:: Supplied entries ::
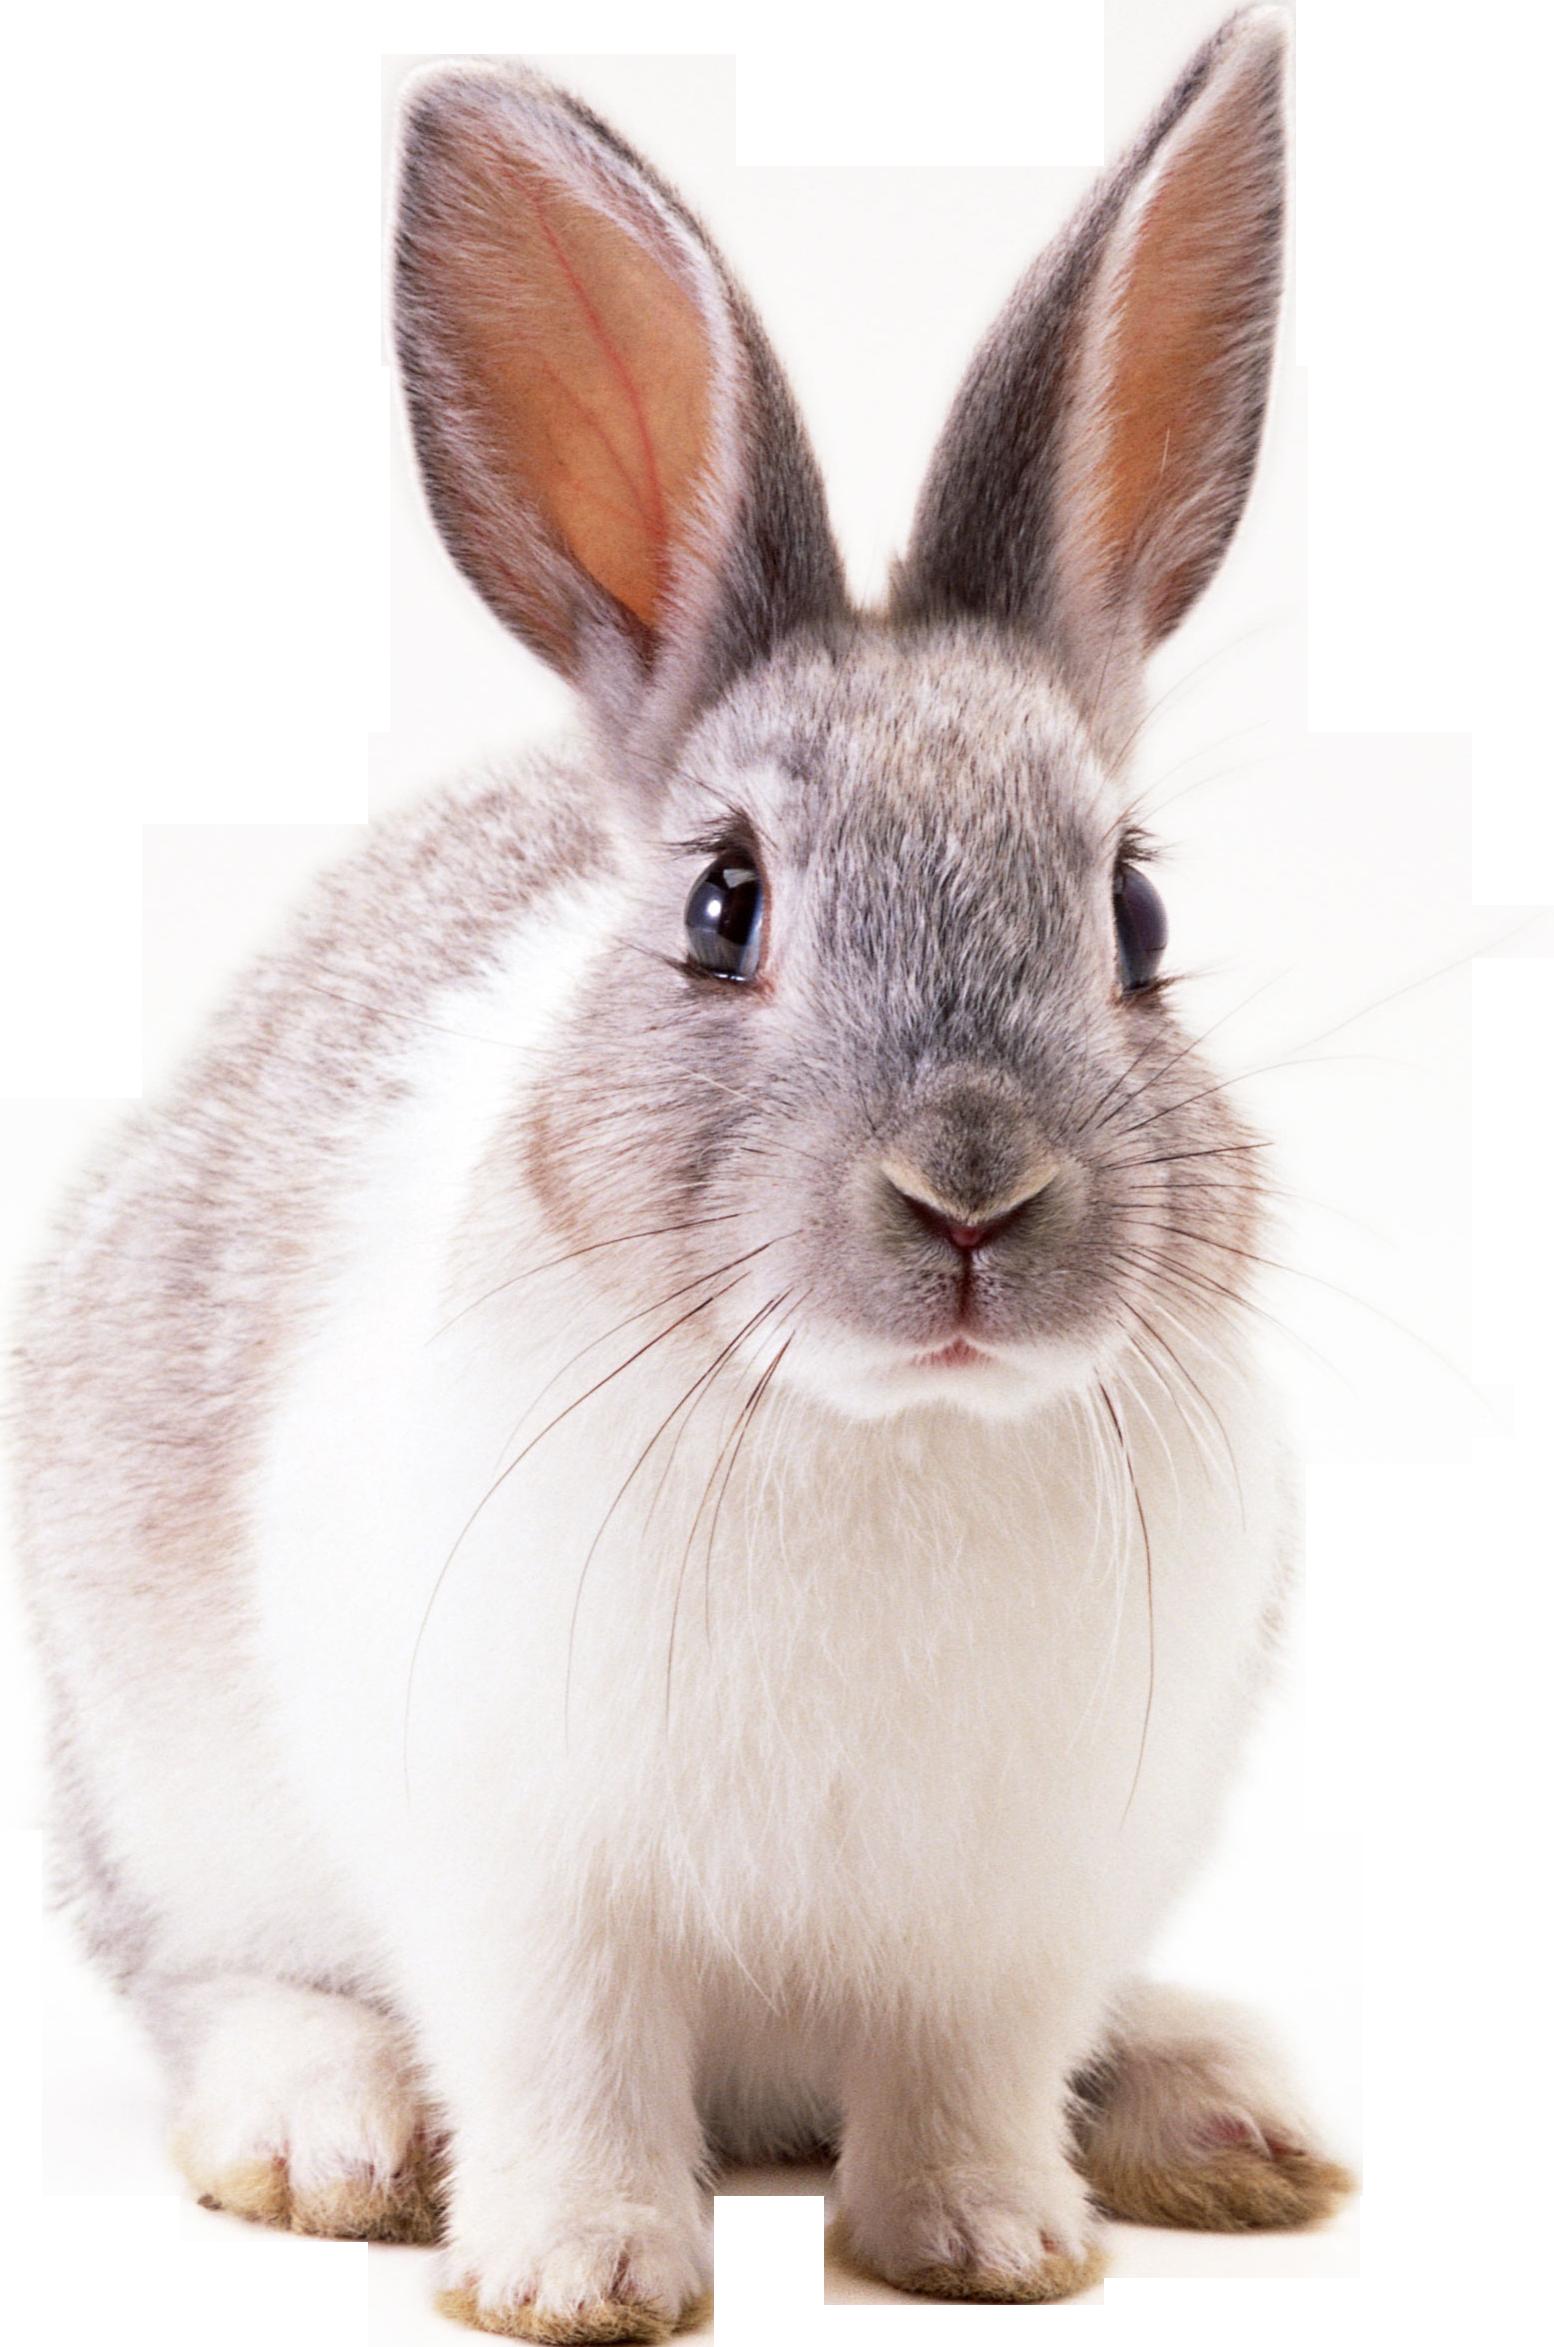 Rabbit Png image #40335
:::
:: Supplied entries ::
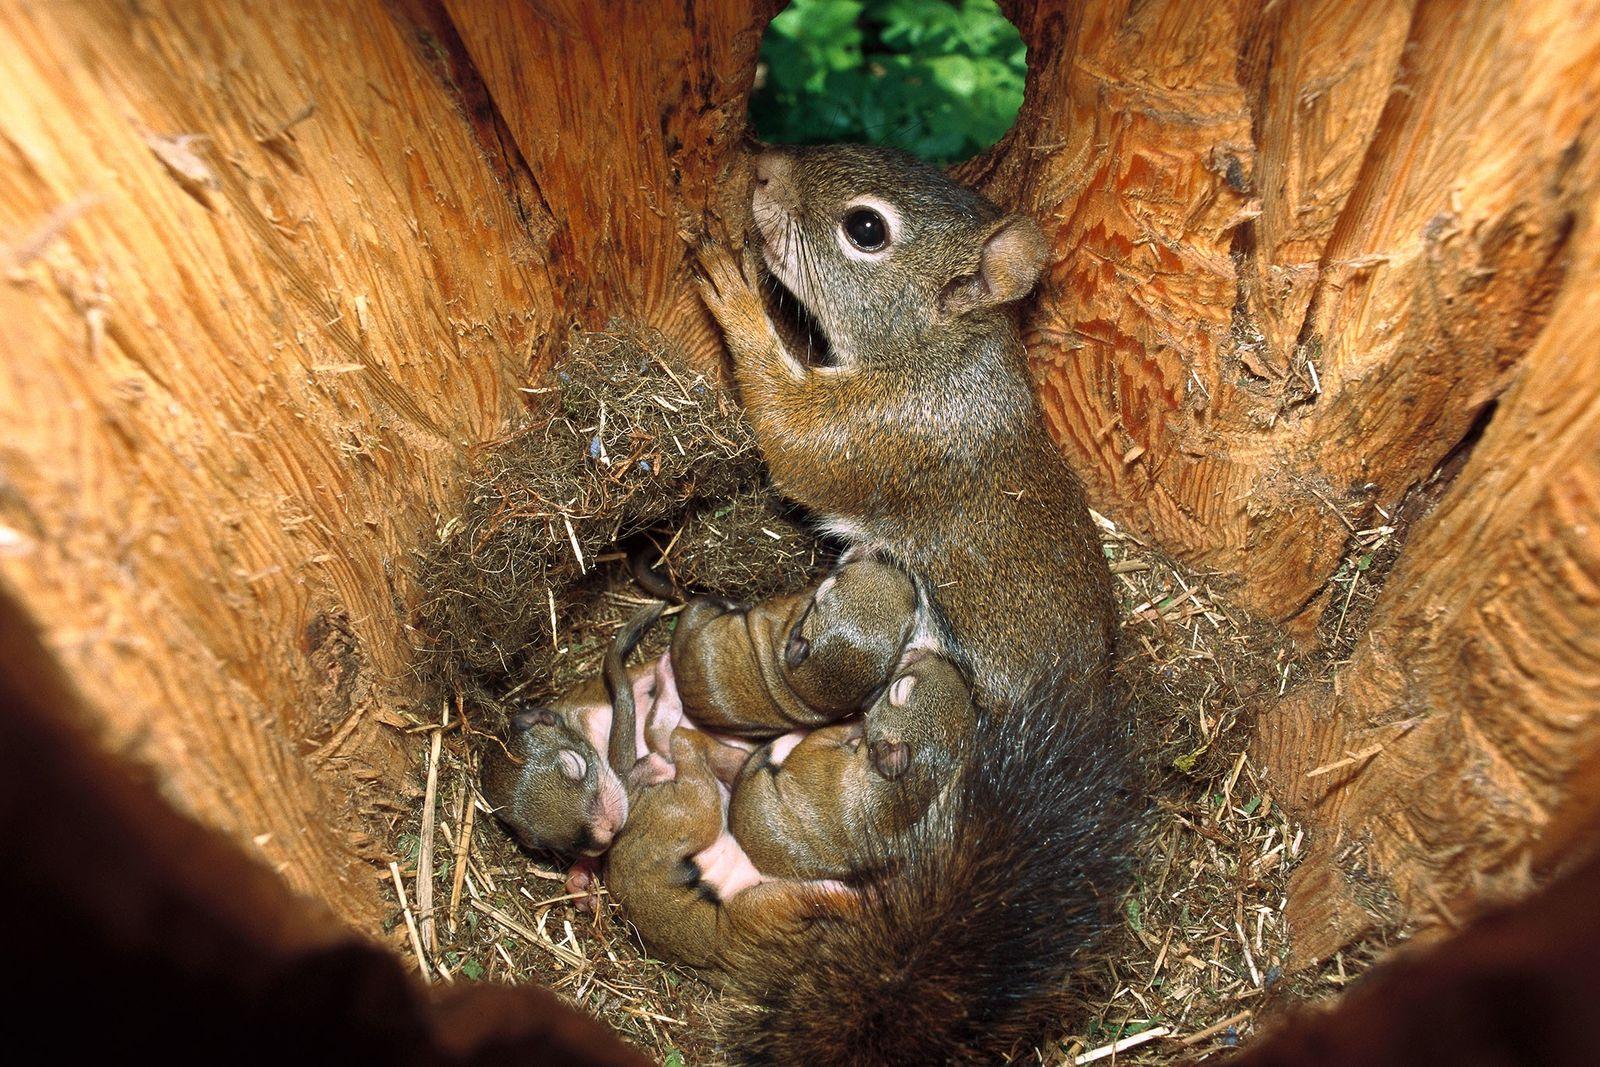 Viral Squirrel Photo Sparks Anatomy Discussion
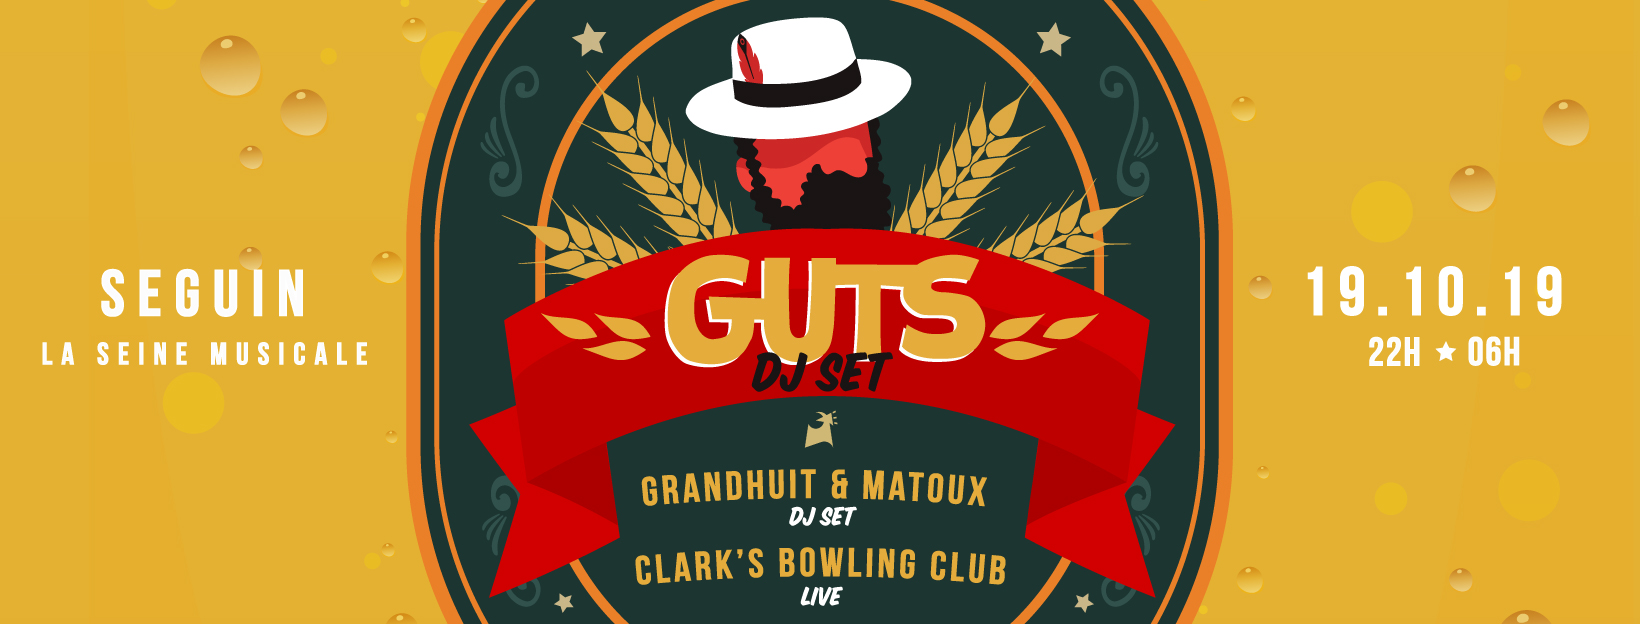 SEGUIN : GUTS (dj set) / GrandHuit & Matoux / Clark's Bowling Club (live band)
:::
### Your assignment
Pictures do not belong in the answer. Return the lines above starting at the one with "Viral Squirrel Photo" and ending at the one with "SEGUIN : GUTS", both kept, exactly.

### Task response
 Viral Squirrel Photo Sparks Anatomy Discussion
 SEGUIN : GUTS (dj set) / GrandHuit & Matoux / Clark's Bowling Club (live band)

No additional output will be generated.